## [What the exercise asks]
Beginning at the line that contains "Appendix A: Technical", reproduce the entries below exactly, ending with the line that contains "Brig. Gen. William". Omit each picture.

==== Raw data

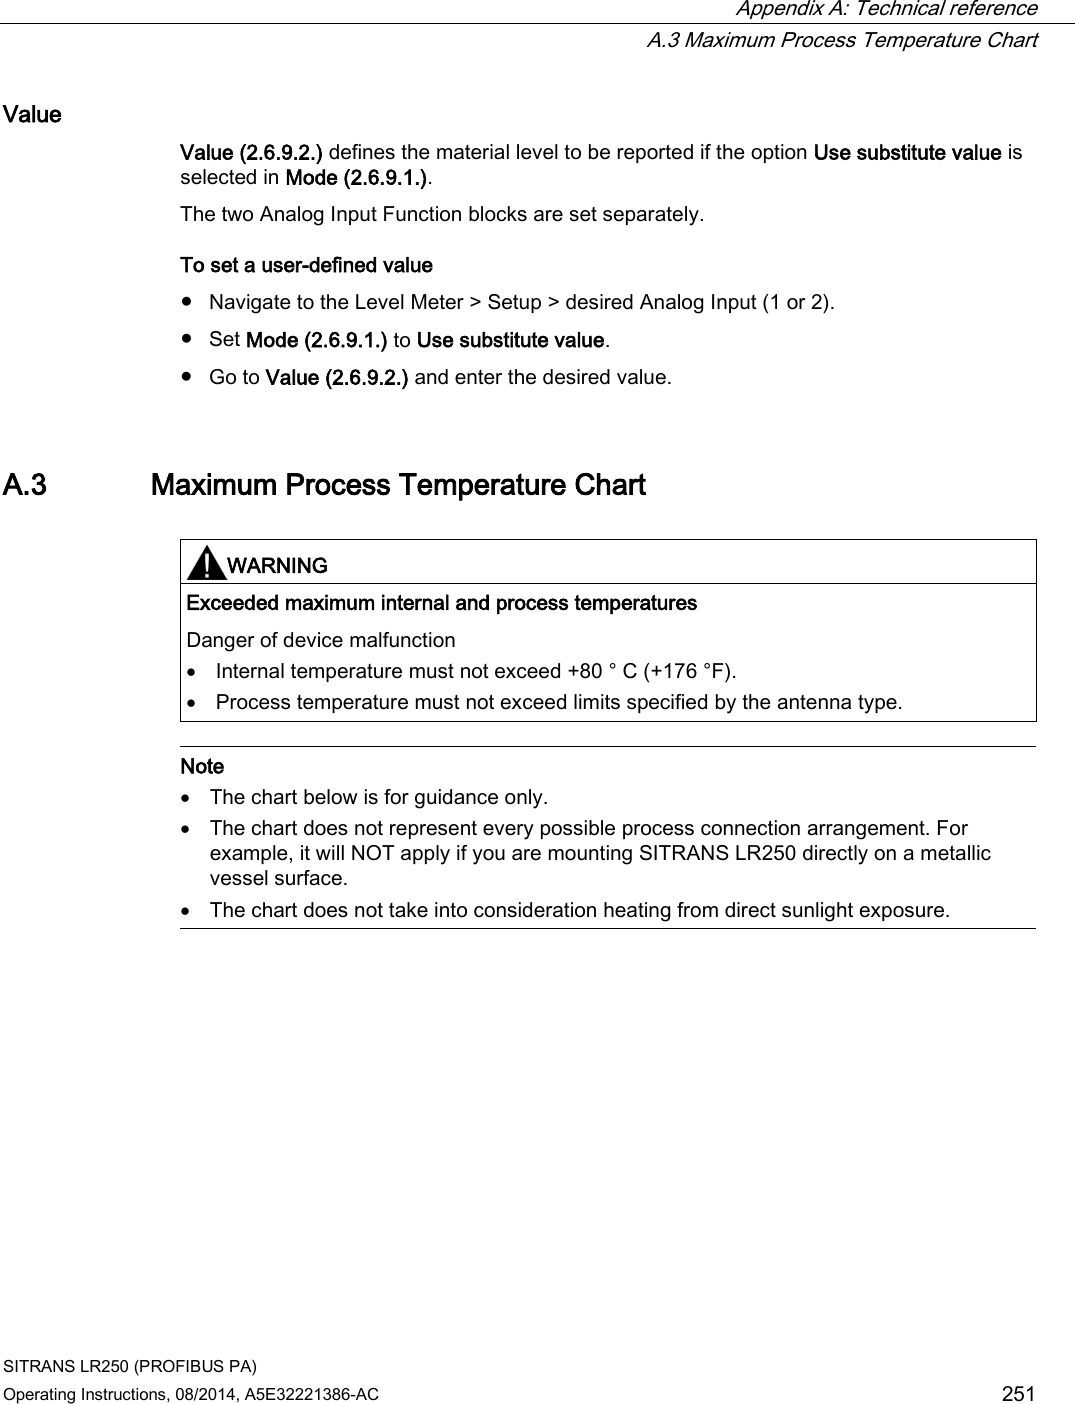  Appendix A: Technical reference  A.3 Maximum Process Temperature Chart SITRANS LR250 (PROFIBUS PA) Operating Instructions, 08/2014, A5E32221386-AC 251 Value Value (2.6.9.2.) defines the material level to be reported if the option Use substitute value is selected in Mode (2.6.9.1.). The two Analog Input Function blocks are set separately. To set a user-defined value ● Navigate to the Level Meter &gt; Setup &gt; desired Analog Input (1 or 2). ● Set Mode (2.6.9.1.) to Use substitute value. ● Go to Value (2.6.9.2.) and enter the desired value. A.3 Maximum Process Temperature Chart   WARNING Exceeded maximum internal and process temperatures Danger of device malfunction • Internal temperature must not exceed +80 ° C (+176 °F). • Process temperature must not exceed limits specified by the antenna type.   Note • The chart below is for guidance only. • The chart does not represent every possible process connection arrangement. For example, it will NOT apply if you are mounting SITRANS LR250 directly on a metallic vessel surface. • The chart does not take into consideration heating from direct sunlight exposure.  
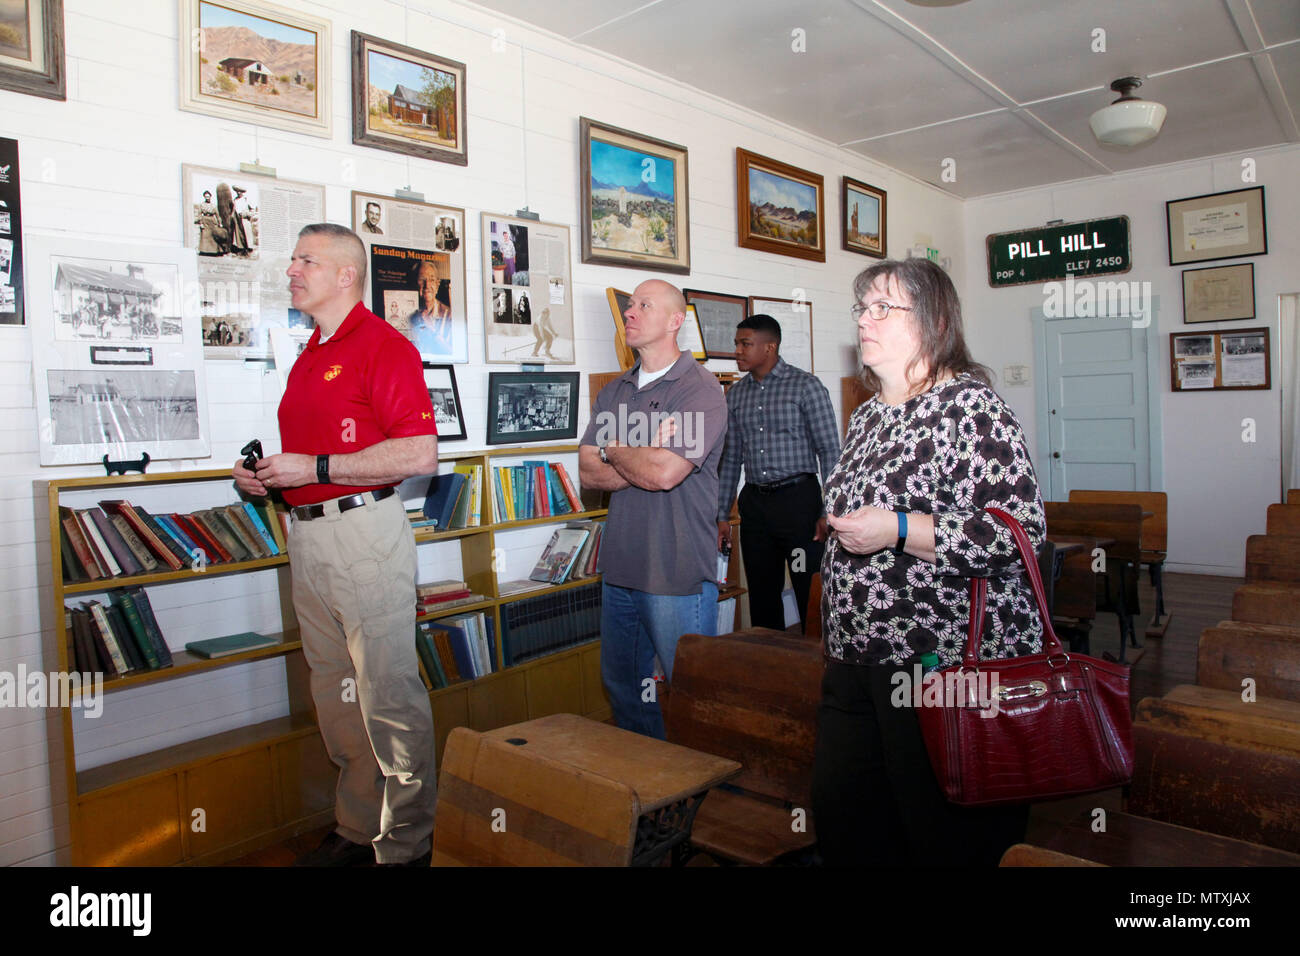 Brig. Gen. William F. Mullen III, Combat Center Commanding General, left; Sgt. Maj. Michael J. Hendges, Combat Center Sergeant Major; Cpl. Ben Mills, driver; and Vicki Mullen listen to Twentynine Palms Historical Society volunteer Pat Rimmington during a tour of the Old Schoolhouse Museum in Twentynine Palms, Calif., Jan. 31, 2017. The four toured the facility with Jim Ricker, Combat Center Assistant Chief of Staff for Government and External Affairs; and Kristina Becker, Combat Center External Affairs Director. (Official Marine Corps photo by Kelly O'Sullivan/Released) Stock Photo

========
==== Raw data

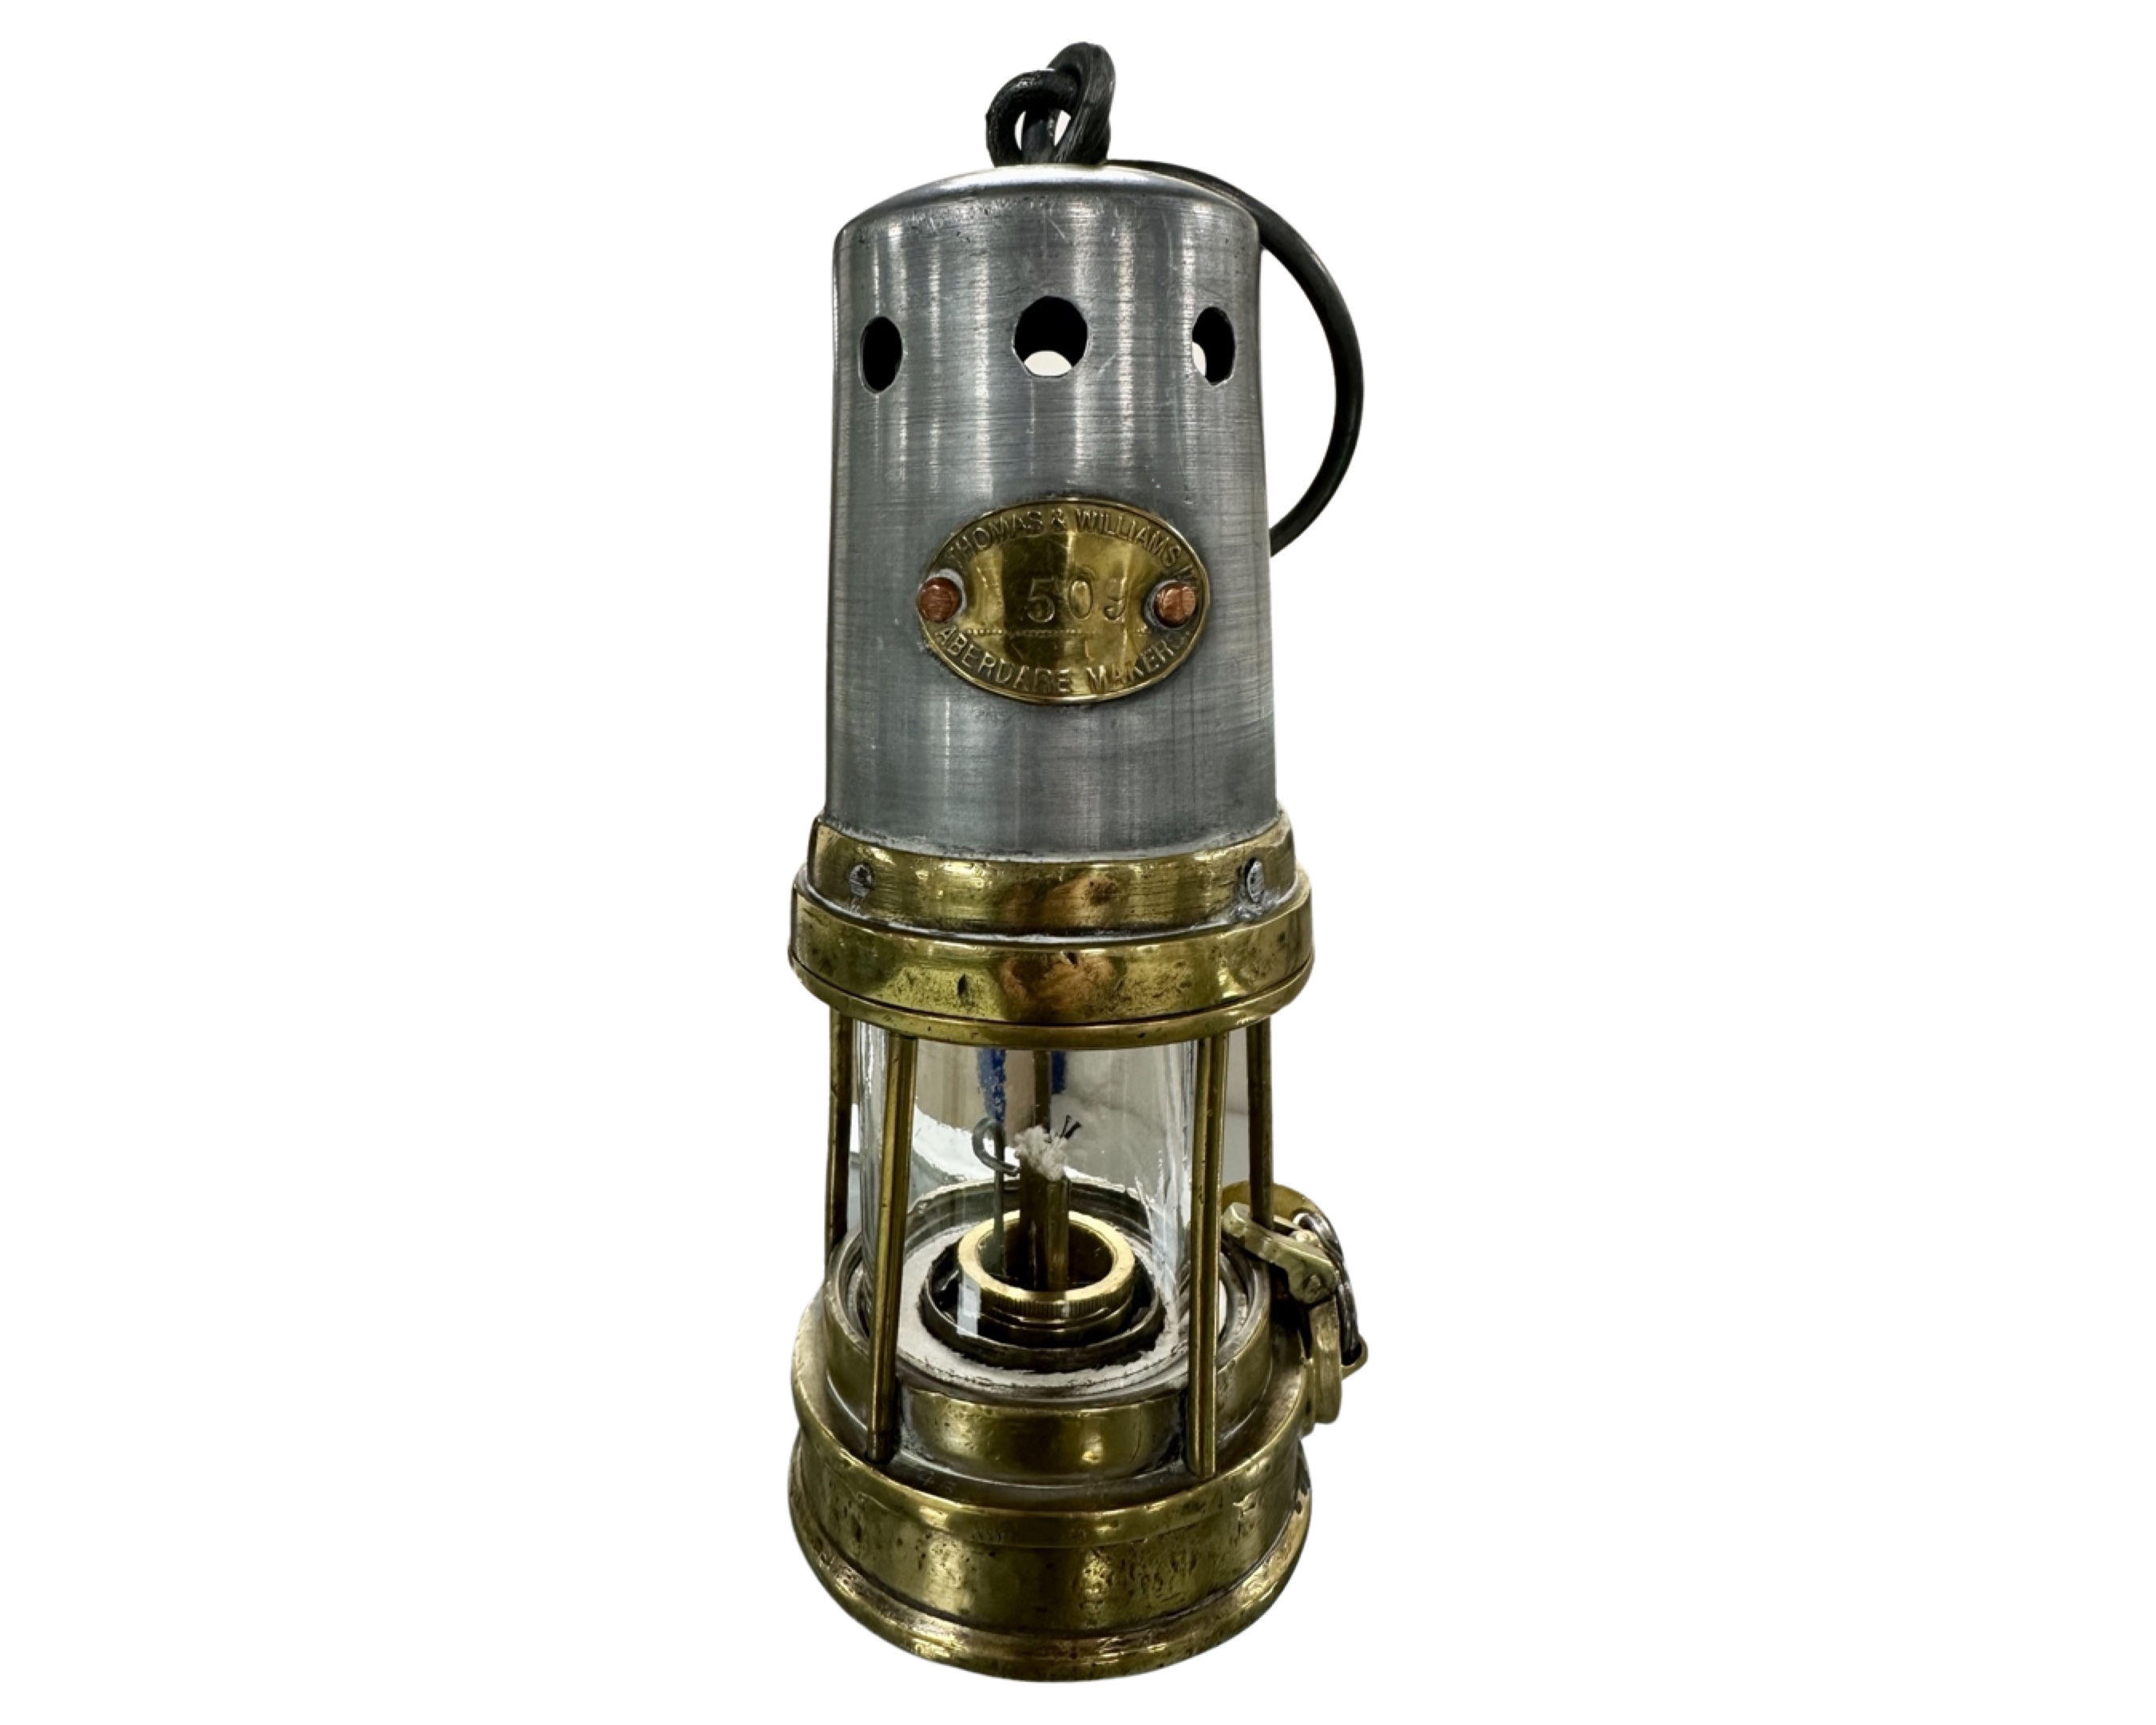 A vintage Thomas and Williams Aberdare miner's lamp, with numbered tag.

========

## [Answer area]
  Appendix A: Technical reference  A.3 Maximum Process Temperature Chart SITRANS LR250 (PROFIBUS PA) Operating Instructions, 08/2014, A5E32221386-AC 251 Value Value (2.6.9.2.) defines the material level to be reported if the option Use substitute value is selected in Mode (2.6.9.1.). The two Analog Input Function blocks are set separately. To set a user-defined value ● Navigate to the Level Meter &gt; Setup &gt; desired Analog Input (1 or 2). ● Set Mode (2.6.9.1.) to Use substitute value. ● Go to Value (2.6.9.2.) and enter the desired value. A.3 Maximum Process Temperature Chart   WARNING Exceeded maximum internal and process temperatures Danger of device malfunction • Internal temperature must not exceed +80 ° C (+176 °F). • Process temperature must not exceed limits specified by the antenna type.   Note • The chart below is for guidance only. • The chart does not represent every possible process connection arrangement. For example, it will NOT apply if you are mounting SITRANS LR250 directly on a metallic vessel surface. • The chart does not take into consideration heating from direct sunlight exposure.  
 Brig. Gen. William F. Mullen III, Combat Center Commanding General, left; Sgt. Maj. Michael J. Hendges, Combat Center Sergeant Major; Cpl. Ben Mills, driver; and Vicki Mullen listen to Twentynine Palms Historical Society volunteer Pat Rimmington during a tour of the Old Schoolhouse Museum in Twentynine Palms, Calif., Jan. 31, 2017. The four toured the facility with Jim Ricker, Combat Center Assistant Chief of Staff for Government and External Affairs; and Kristina Becker, Combat Center External Affairs Director. (Official Marine Corps photo by Kelly O'Sullivan/Released) Stock Photo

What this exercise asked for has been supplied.